= Work instruction =
Repeat everything in the data exactly except images.

Information shown Start Marker

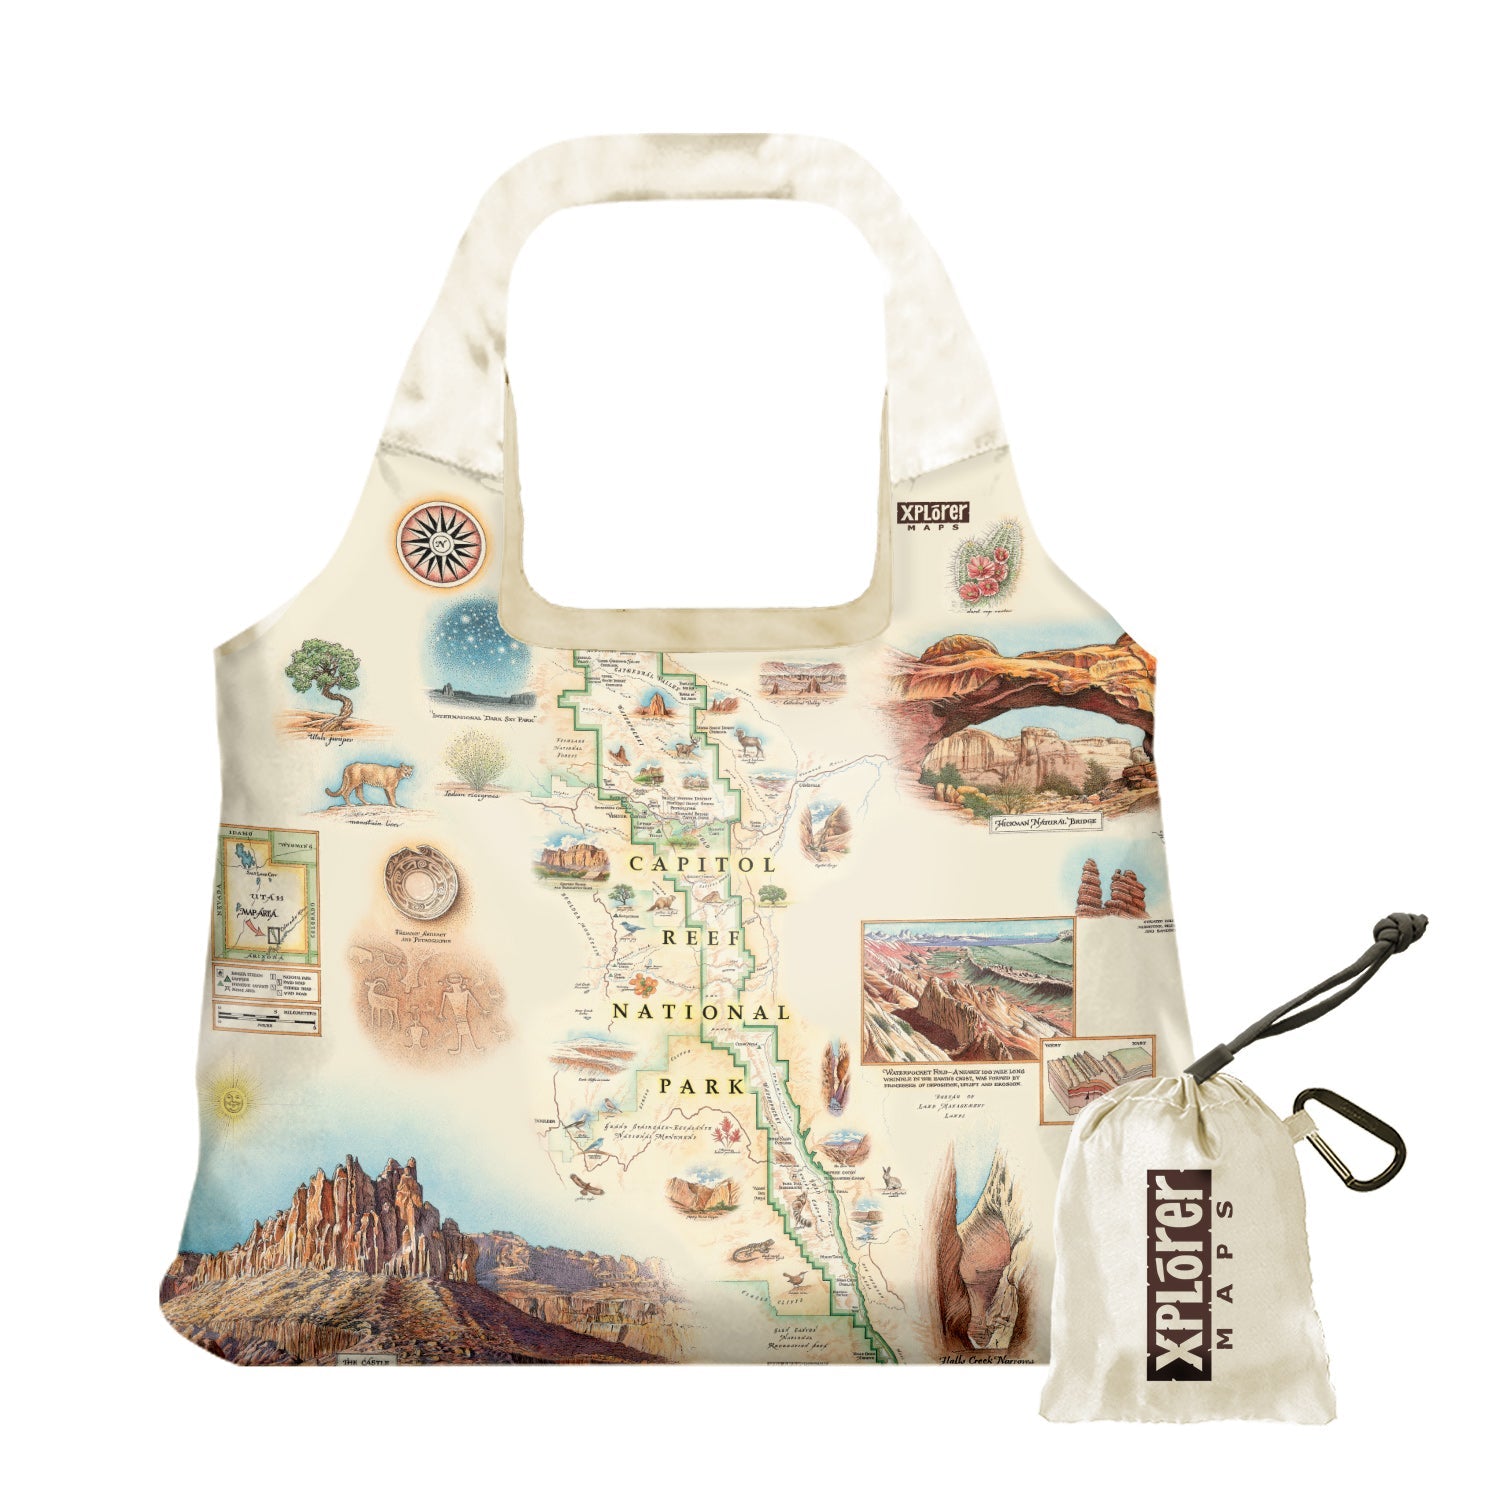 Utah's Capitol Reef National Park Map Pouch Tote Bag in earth tones. Featuring Claret Cup Cactus, Narrowleaf Yucca, Prince's Plume, and the Two-Needle Pinyon Pine. Detailed depictions of landmarks and geographic wonders like the Lower Muley Twist Canyon, Capitol Gorge, and Hickman Natural Bridge. 
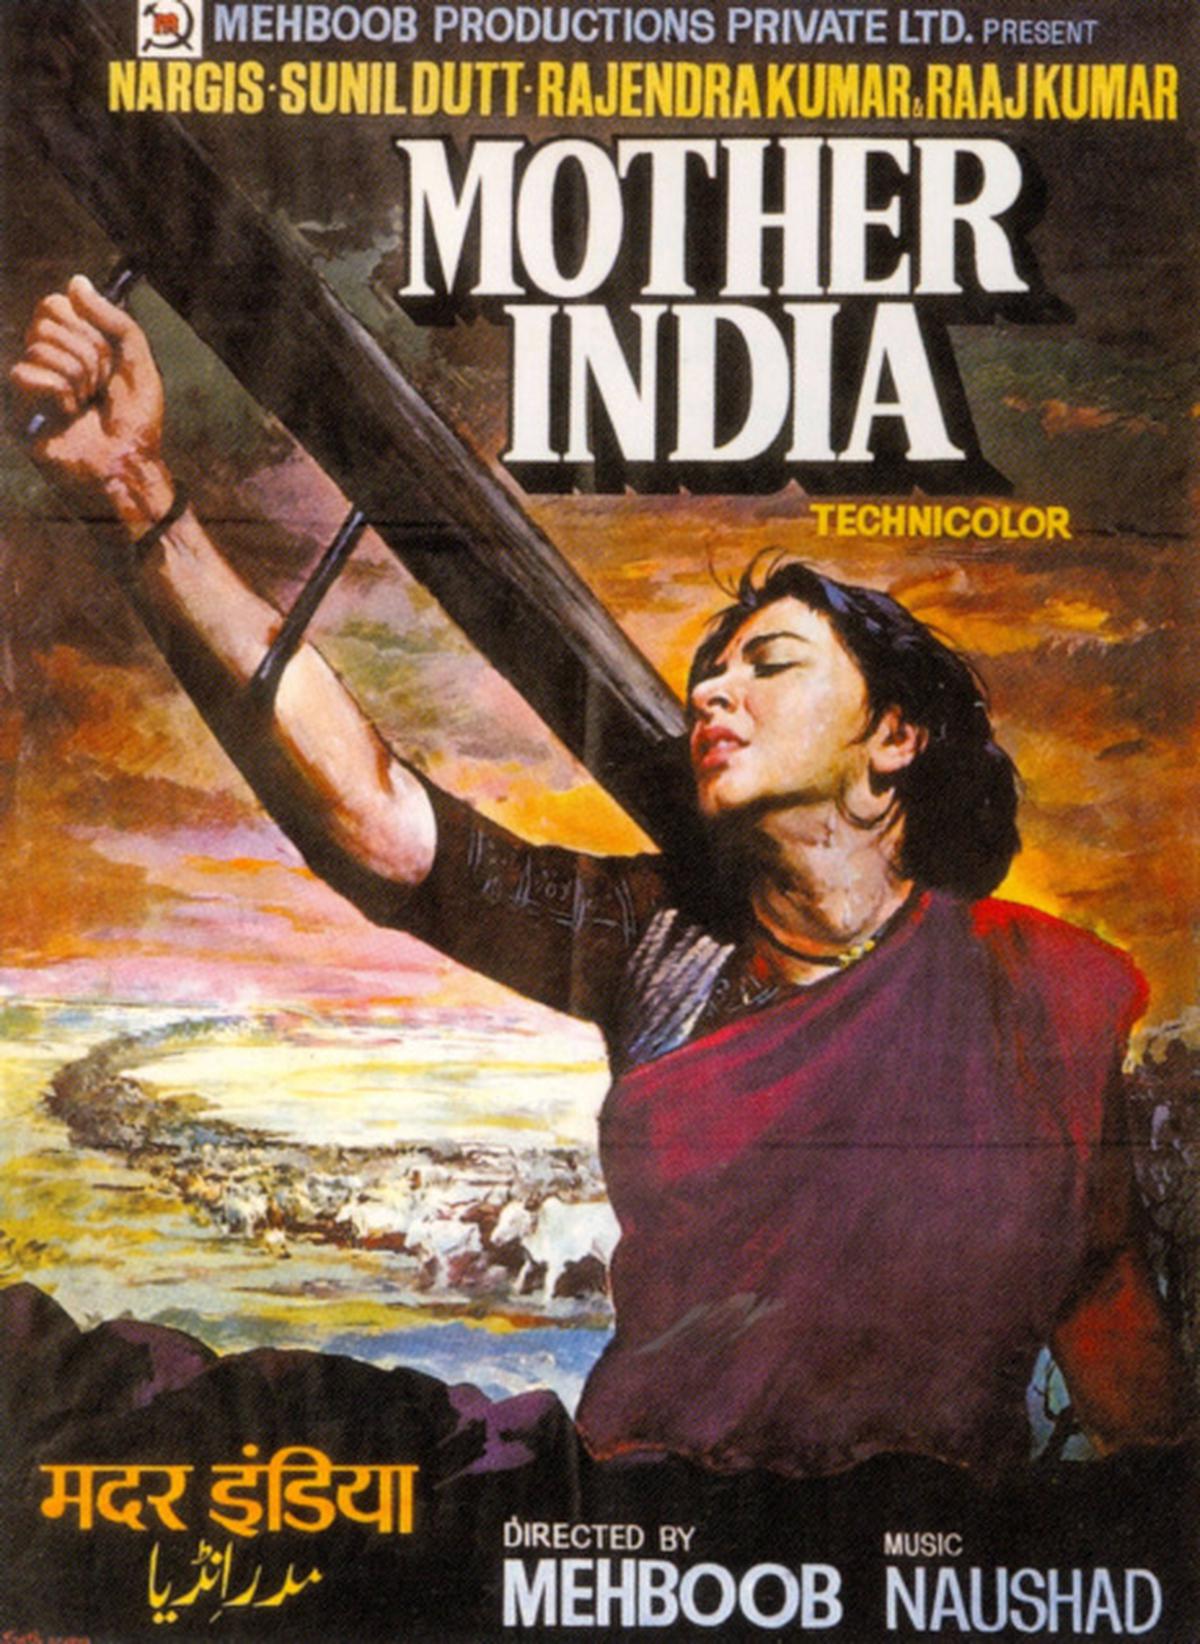 08DFR_MOTHER_INDIA01
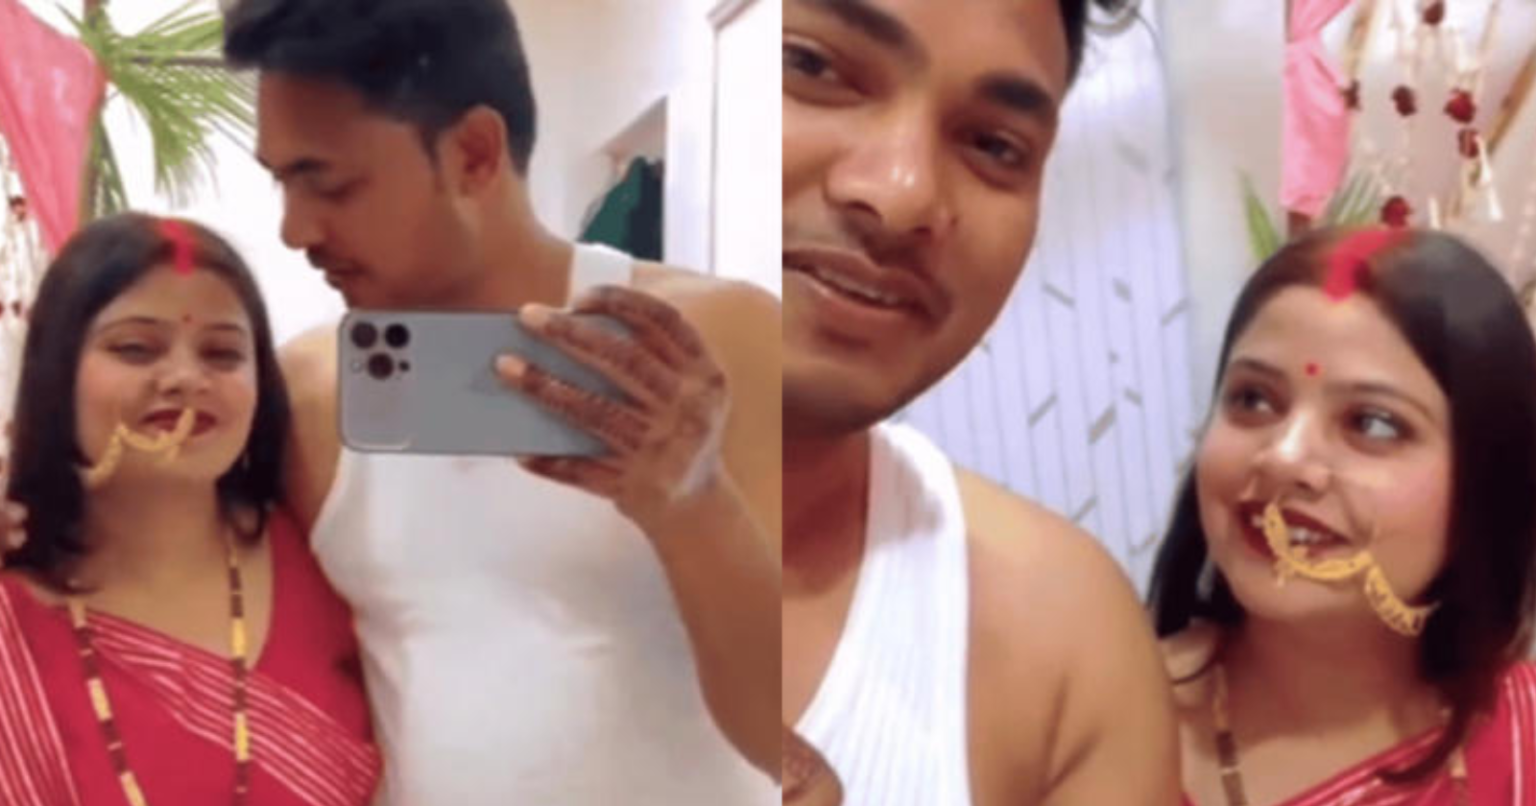 Couple’s ‘Suhagraat’ Vlog Goes Viral on Social Media; Trolls React ‘What’s Left to See?’
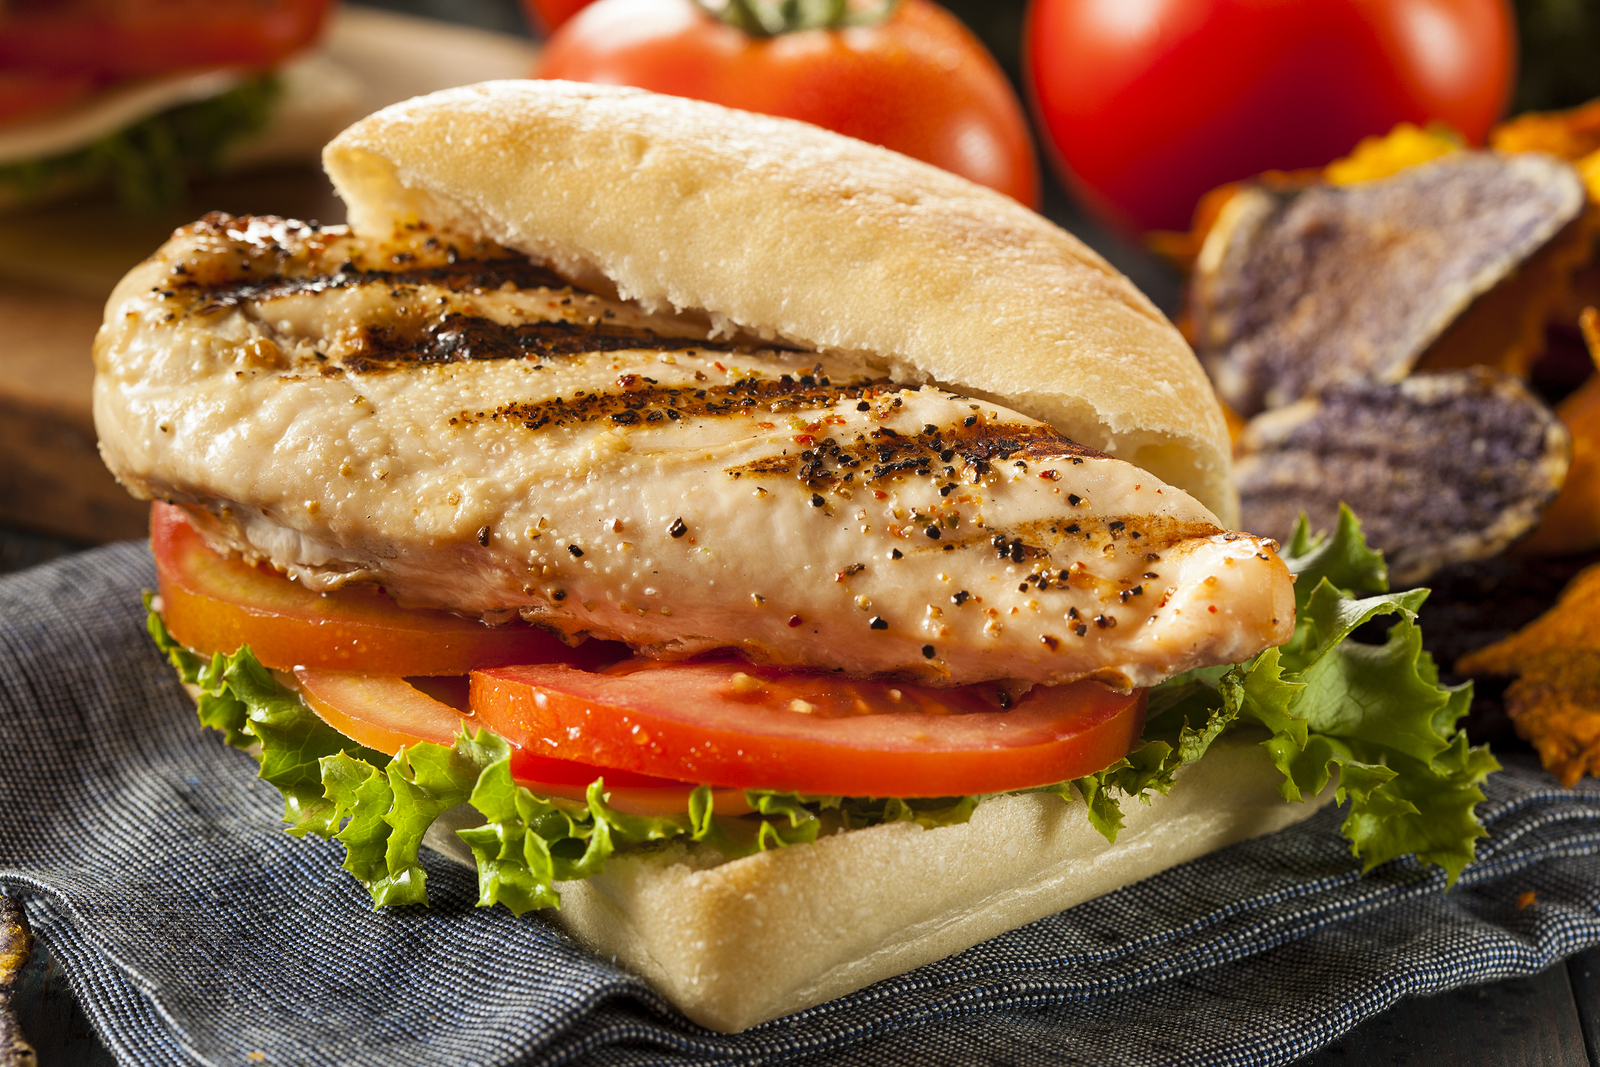 Grilled chicken sub sandwich pre-workout meal

Information shown End Marker

= Answer section =
 Utah's Capitol Reef National Park Map Pouch Tote Bag in earth tones. Featuring Claret Cup Cactus, Narrowleaf Yucca, Prince's Plume, and the Two-Needle Pinyon Pine. Detailed depictions of landmarks and geographic wonders like the Lower Muley Twist Canyon, Capitol Gorge, and Hickman Natural Bridge. 
 08DFR_MOTHER_INDIA01
 Couple’s ‘Suhagraat’ Vlog Goes Viral on Social Media; Trolls React ‘What’s Left to See?’
 Grilled chicken sub sandwich pre-workout meal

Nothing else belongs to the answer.